Their waders raised to the hips will not protect them higher than the ankles: the scale graduated up to two meters and fixed under a bridge displays for the river Le Chevré, a depth of 98 mm, a level already observed but ” not before September” according to Fabien Simon, agent of the Regional Direction of the Environment of Brittany (DREAL), the eye riveted on a sensor of the small station of hydrometry.
His colleague David Danet continues: “in July 2022, we carried out 132 gaugings (in Brittany, editor’s note), against 39 last year”, a sign that the water situation is critical in Brittany.
Gauging, understanding the control of the height and the flow of a watercourse, this is the mission of these two hydrometers among the eight that counts the DREAL.
“It all starts with us,” says Mr. Danet, who says he is “well equipped to do the job”.
Their tools? A radar installed on the deck to measure the air draft, a pressure sensor for the draft, a rod equipped with a propeller at the cost of a new car for the flow, floating boards equipped with Doppler and an aquatic drone whose cost exceeds 100,000 euros.
With 200 colleagues in France, David and Fabien carry out surveys sent to the French Office for Biodiversity (OFB), which are then used to issue prefectural orders restricting the use of water.
– Seven months in deficit –
David Danet refuses any alarmism and warns that it will take “years” before being able to analyze the 2022 drought. But the Ille-et-Vilaine prefecture is worried.
Contacted by AFP, she assures that “seven months generally lacking in rain at the regional level” have been observed since October 2021.
And the month of July was catastrophic: the rain gauges of Dinard and Rennes recorded “an accumulation of precipitation of 3% compared to the average monthly precipitation”.
This rainwater usually runs off to the dams which constitute 75% of the production of drinking water in Brittany, and whose resources “for supplying public networks is the most worrying”, according to the prefecture.
Looking lost in the diminished Chevré, David Danet recognizes “a small risk that it will stop”, like a dry river near Dol-de-Bretagne, the Guyoult, already dried up in 2003 or 2016.

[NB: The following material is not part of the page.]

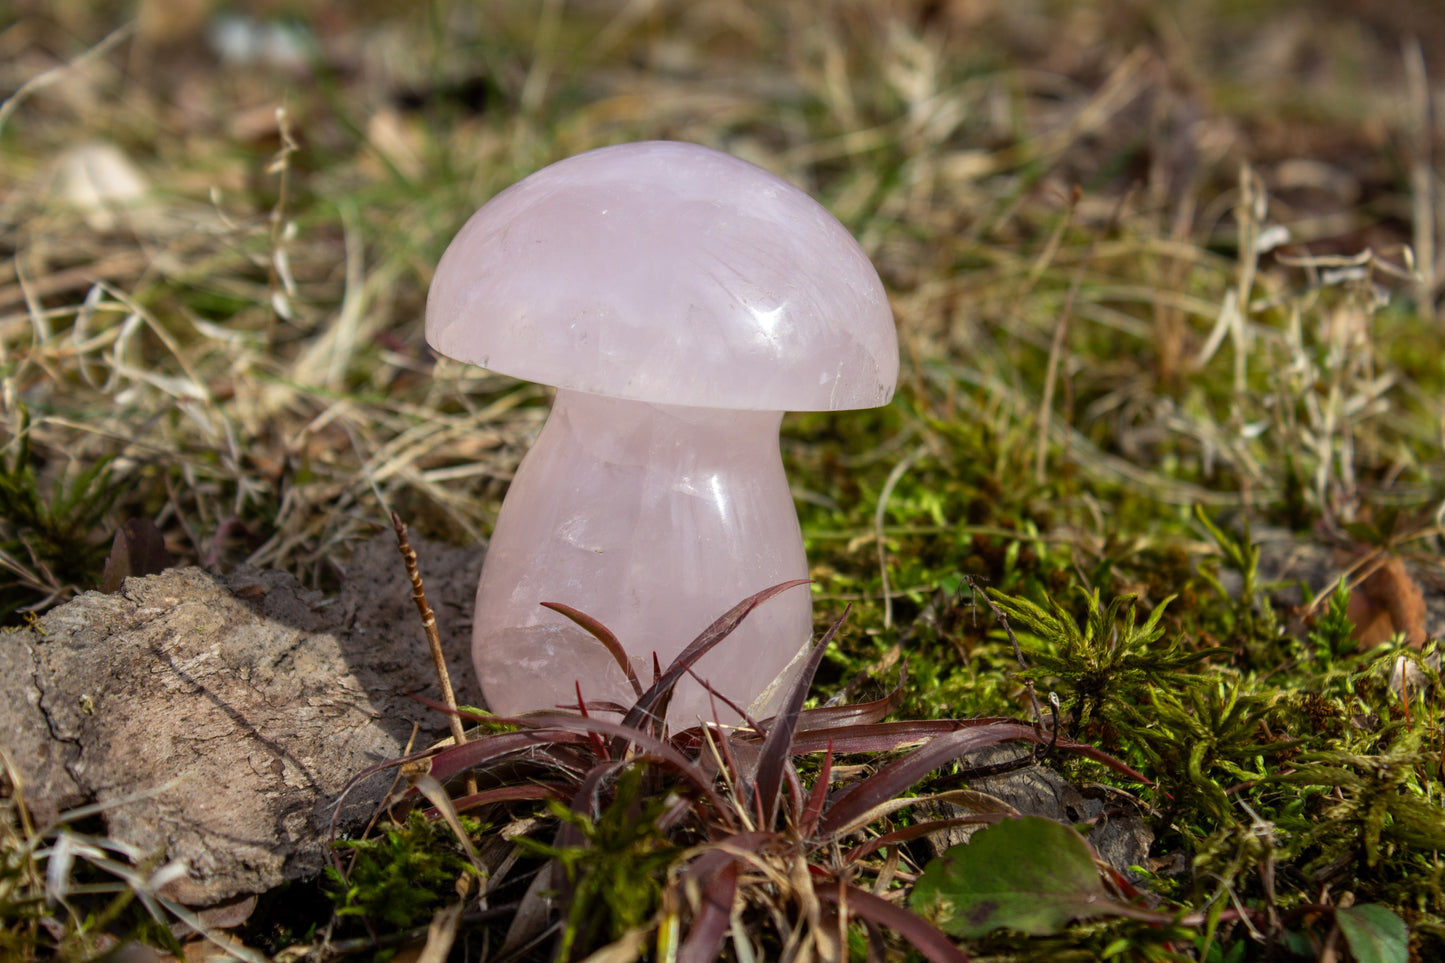 rose quartz mushroom carving polished crystal

Unfortunately, it is not enough for the water to return for the fauna and flora to follow: “the return to a normal ecosystem after a drought takes months, even years” warns Fabien Simon.

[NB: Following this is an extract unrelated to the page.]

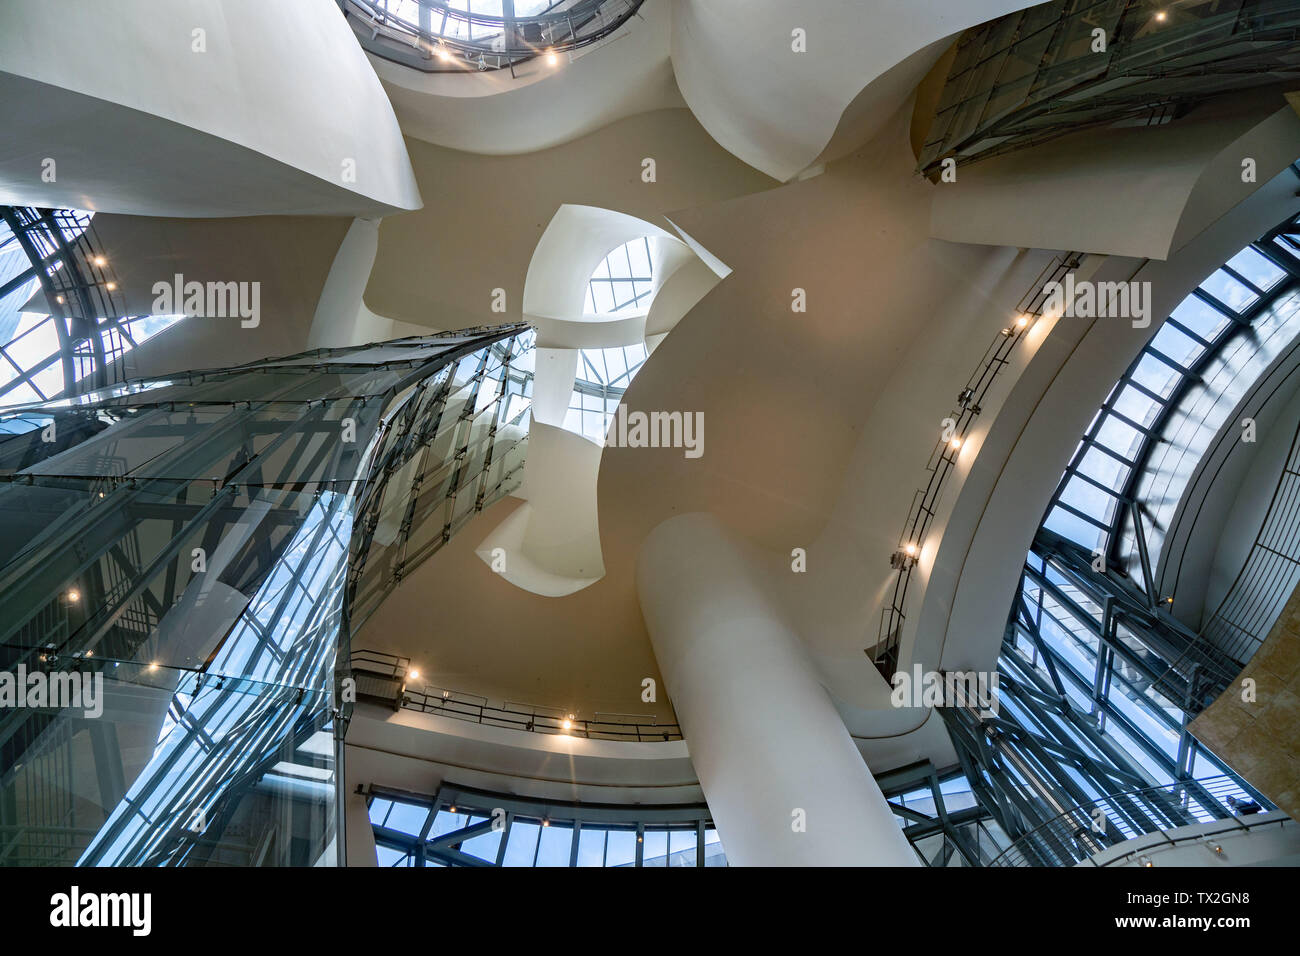 Bilbao, Spagna. Il 23 giugno, 2019. Vista interna del Museo Guggenheim di Bilbao. Il palazzo è una delle più celebri opere dell'architetto Frank Gehry. Il museo, che hanno un costo di circa 140 milioni di euro al momento, è stato aperto nel 1997. Credito: Frank Rumpenhorst/dpa/Alamy Live News Foto Stock

Guyoult is in fact one of the seven lands of the department at the beginning of August.
Without rain by the end of the summer, “it is possible” that we see dry conditions observed only “during the historic drought of 1976”, according to the prefecture.
They will be detected by automatic stations like that of Chevré. There are 170 in Brittany, feeding a database of water levels every 6 minutes.
Pairs of hydrometers criss-cross this network to check the flow, inspect the installations and maintain them.
With risks related to traffic (they often work on the side of the road) and to the water itself.
During the floods in particular, in which they train, concludes Fabien Simon: “we participate in whitewater courses, we are thrown into the water and we have to get out of it on our own”.
Provided you have water above your ankles.